4.5.3. Het hof is met de kantonrechter van oordeel dat [X.] geen rechtens te respecteren belang heeft om haar toestemming aan de omkleuring te onthouden. Voor [X.] (althans haar aandeelhouders) vormt de verhuur van het benzinestation een pensioenvoorziening. Hun belang is gelegen in continuering van de inkomsten. Niet valt in te zien, en ook niet aannemelijk is gemaakt, dat die inkomsten gevaar lopen bij een exploitatie in het kader van Tamoil. De in de toelichting op de grief gegeven onderbouwing voor een voorkeur voor Avia, als biedende een grotere waarborg voor continuïteit en kwaliteit van dienstverlening, is niet steekhoudend.

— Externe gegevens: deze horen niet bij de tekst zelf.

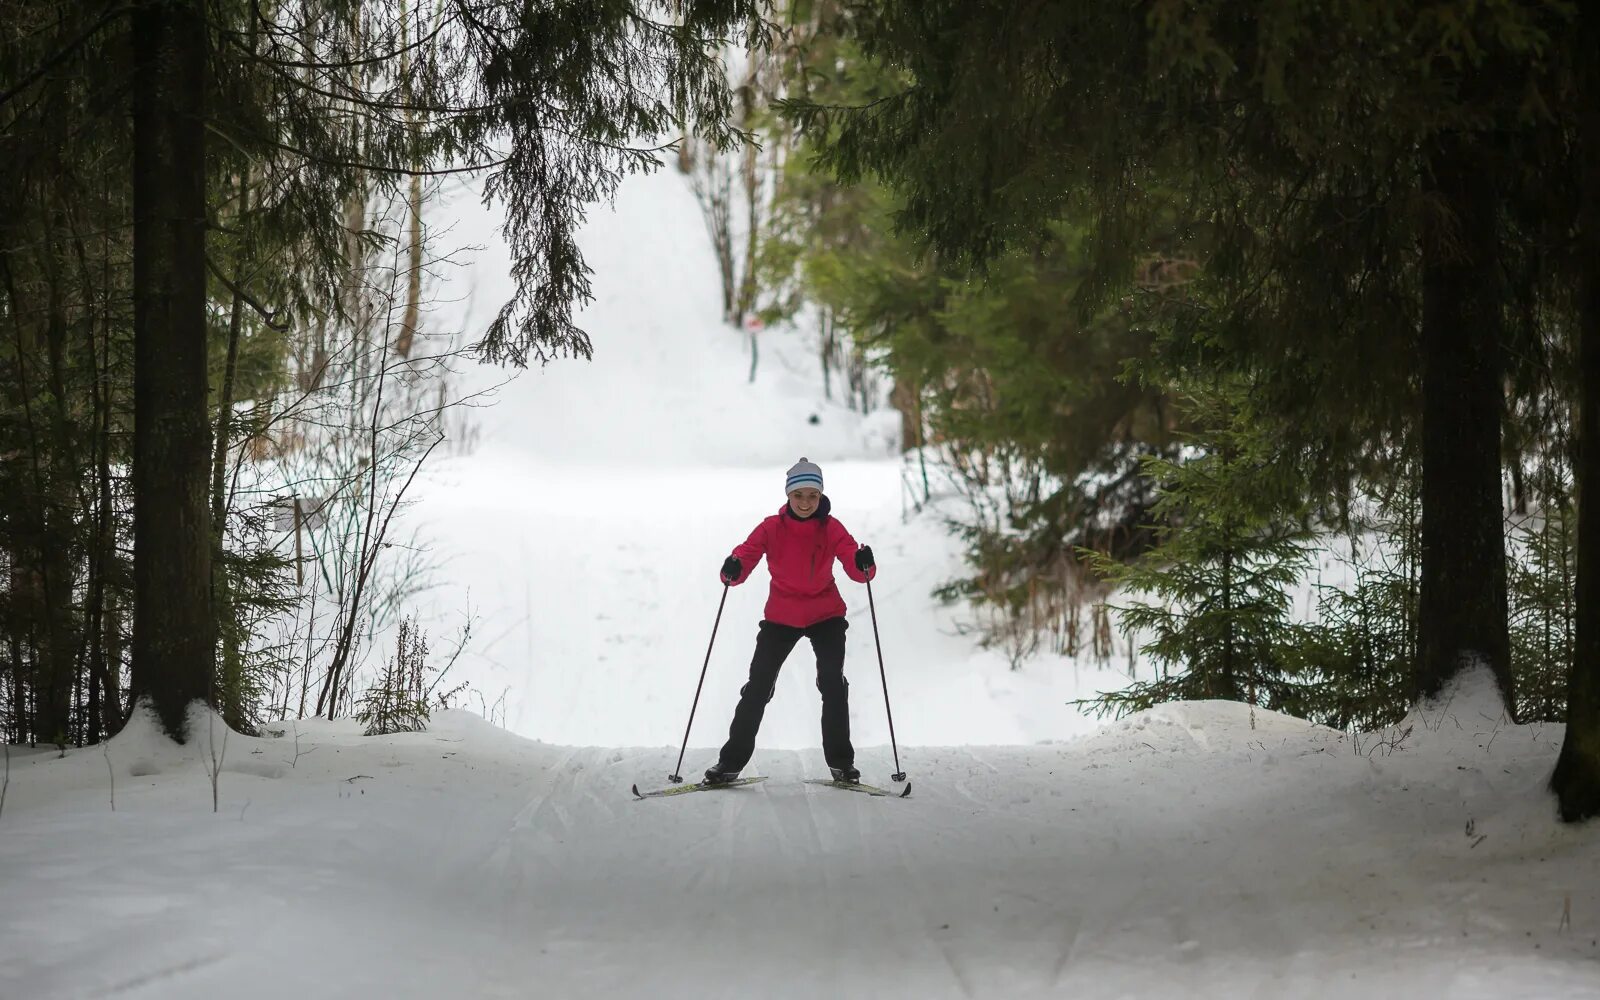 Участки лыжник. Лыжня в Битцевском лесу. Шаховская лыжная трасса. Катание на лыжах в лесу. Лыжная прогулка в лесу.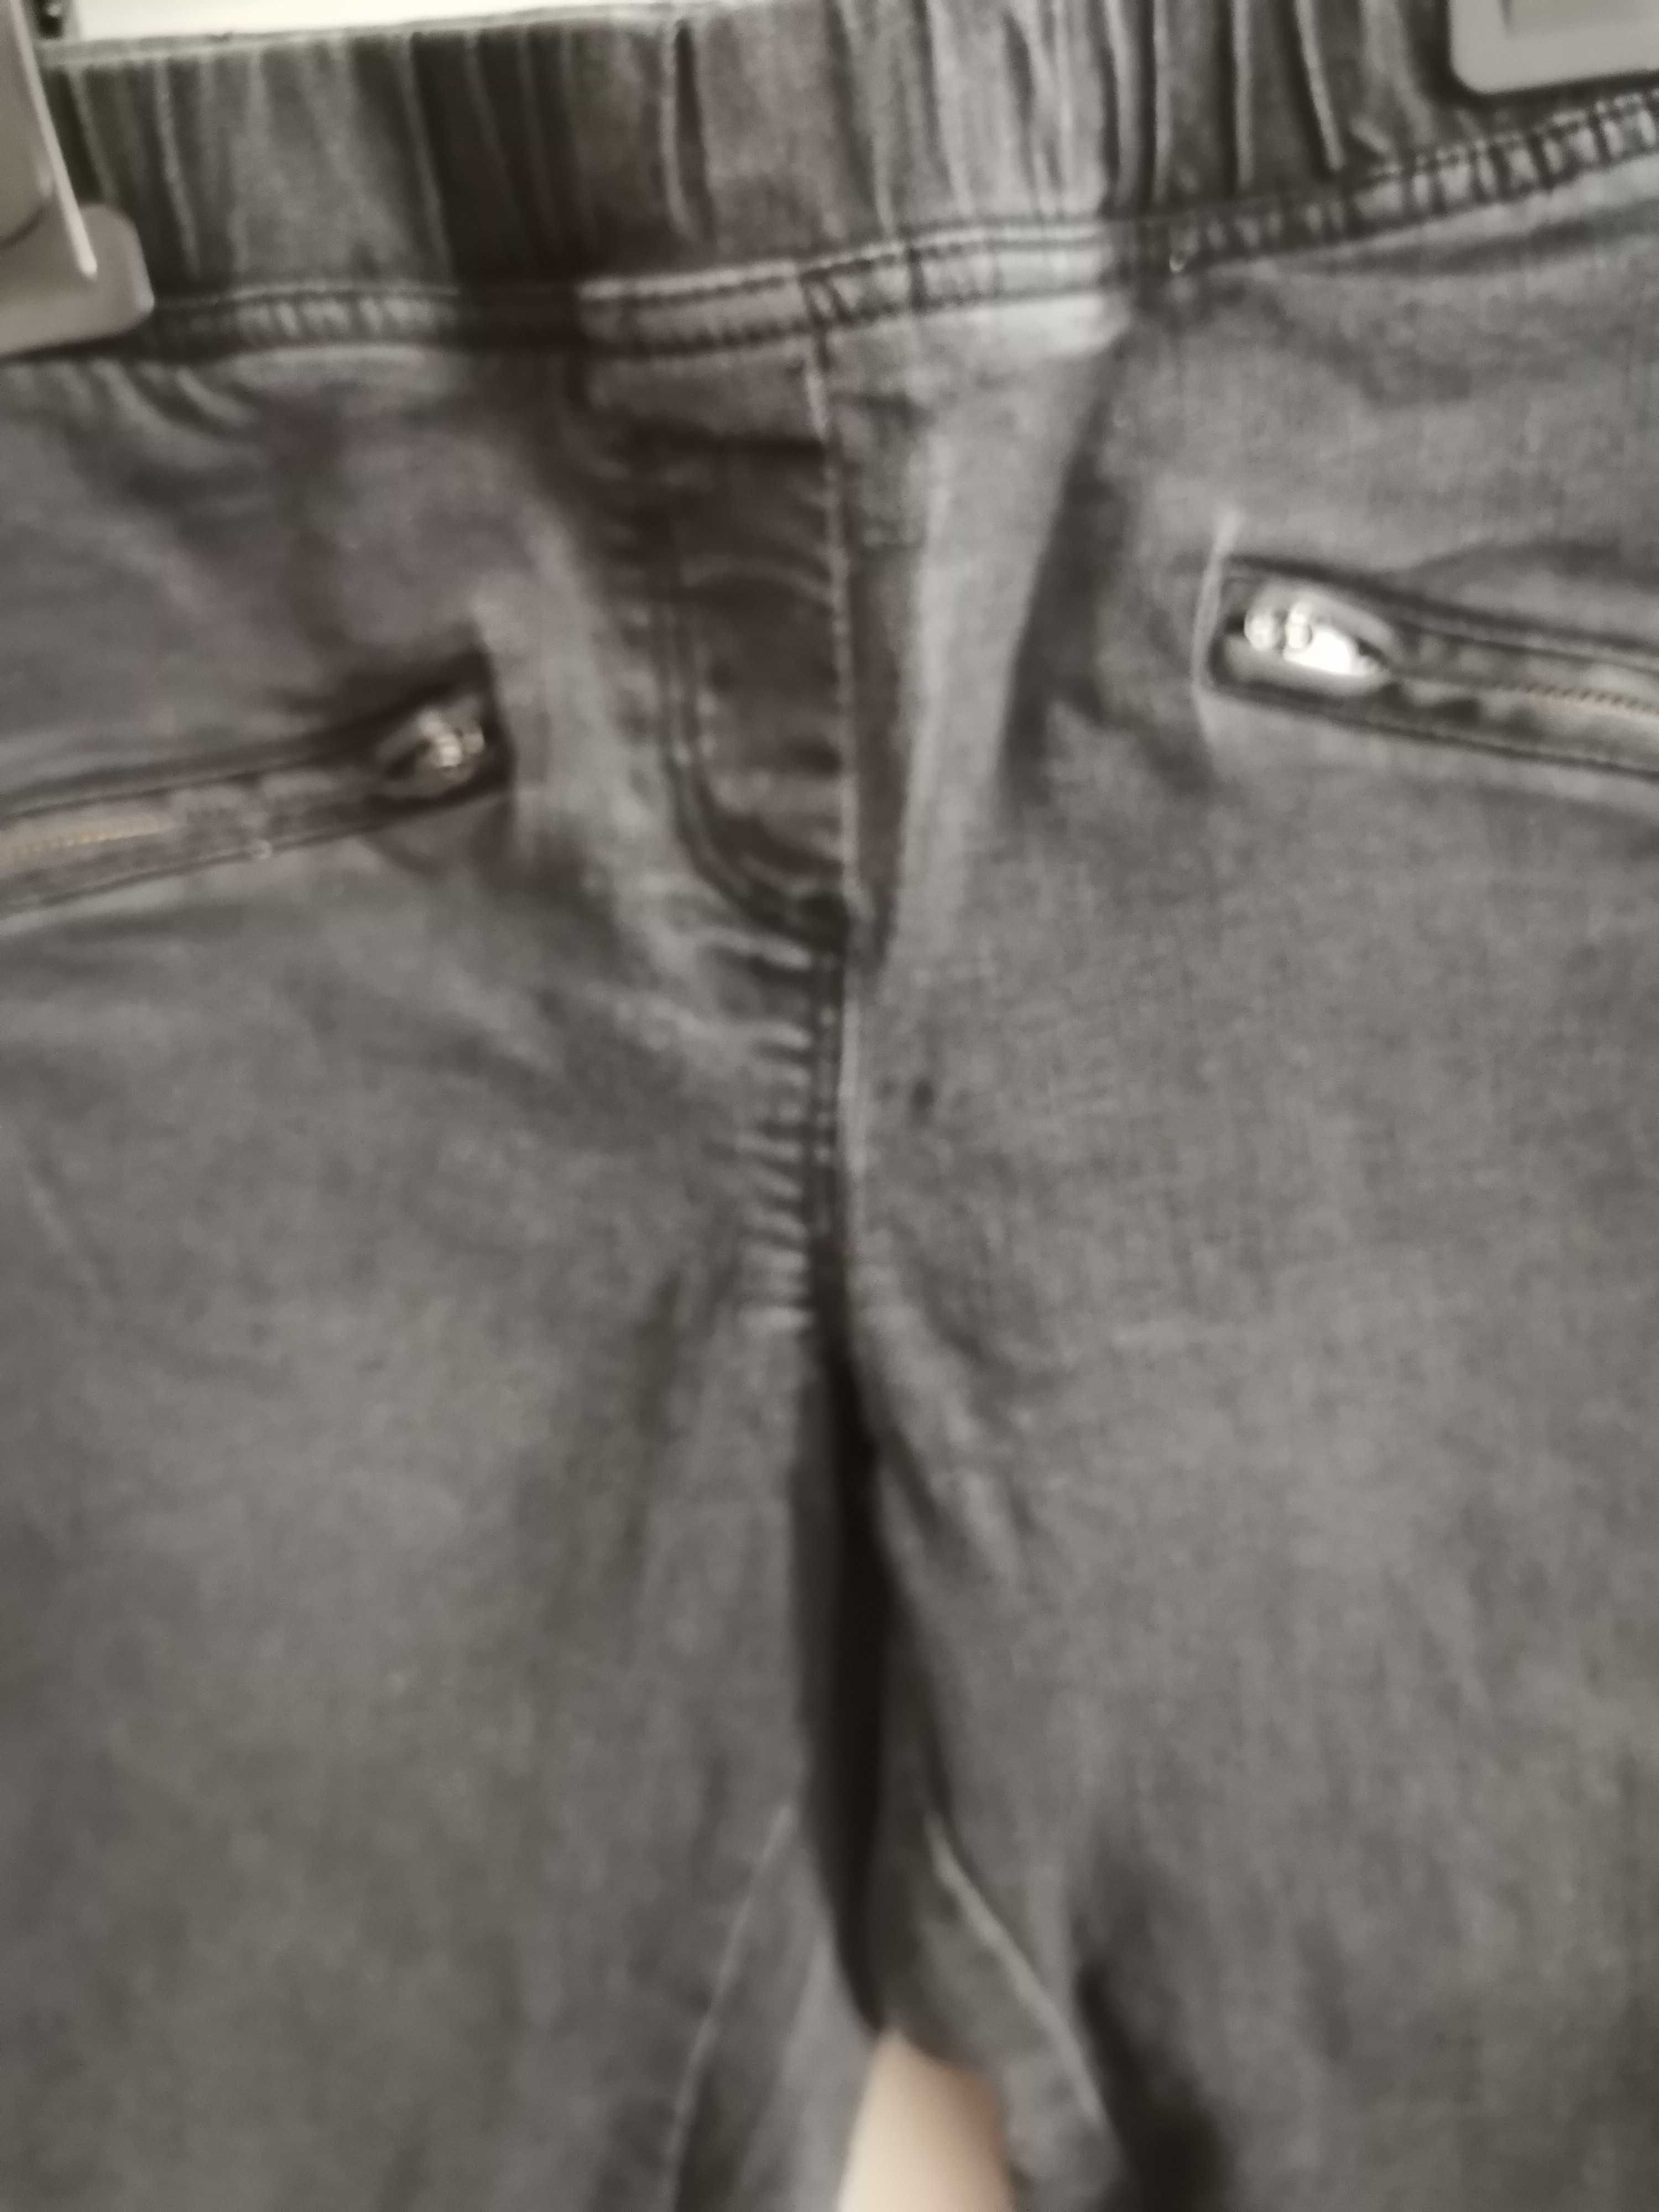 Jeansowe spodnie dla dziewcyznki rozm 140

Over de continuïteit van de exploitatie van het onderhavige station bestaan kennelijk geen twijfels en ook de kwaliteit wordt niet toereikend onderbouwd bediscussieerd, althans niet toereikend onderbouwd. De gestelde omstandigheid dat het onderhavige tankstation veel meer voordeel kan halen uit het netwerk van Avia dan uit dat van Tamoil heeft het hof niet kunnen vaststellen bij gebreke aan een andere onderbouwing dan een die gebaseerd is op louter veronderstellingen.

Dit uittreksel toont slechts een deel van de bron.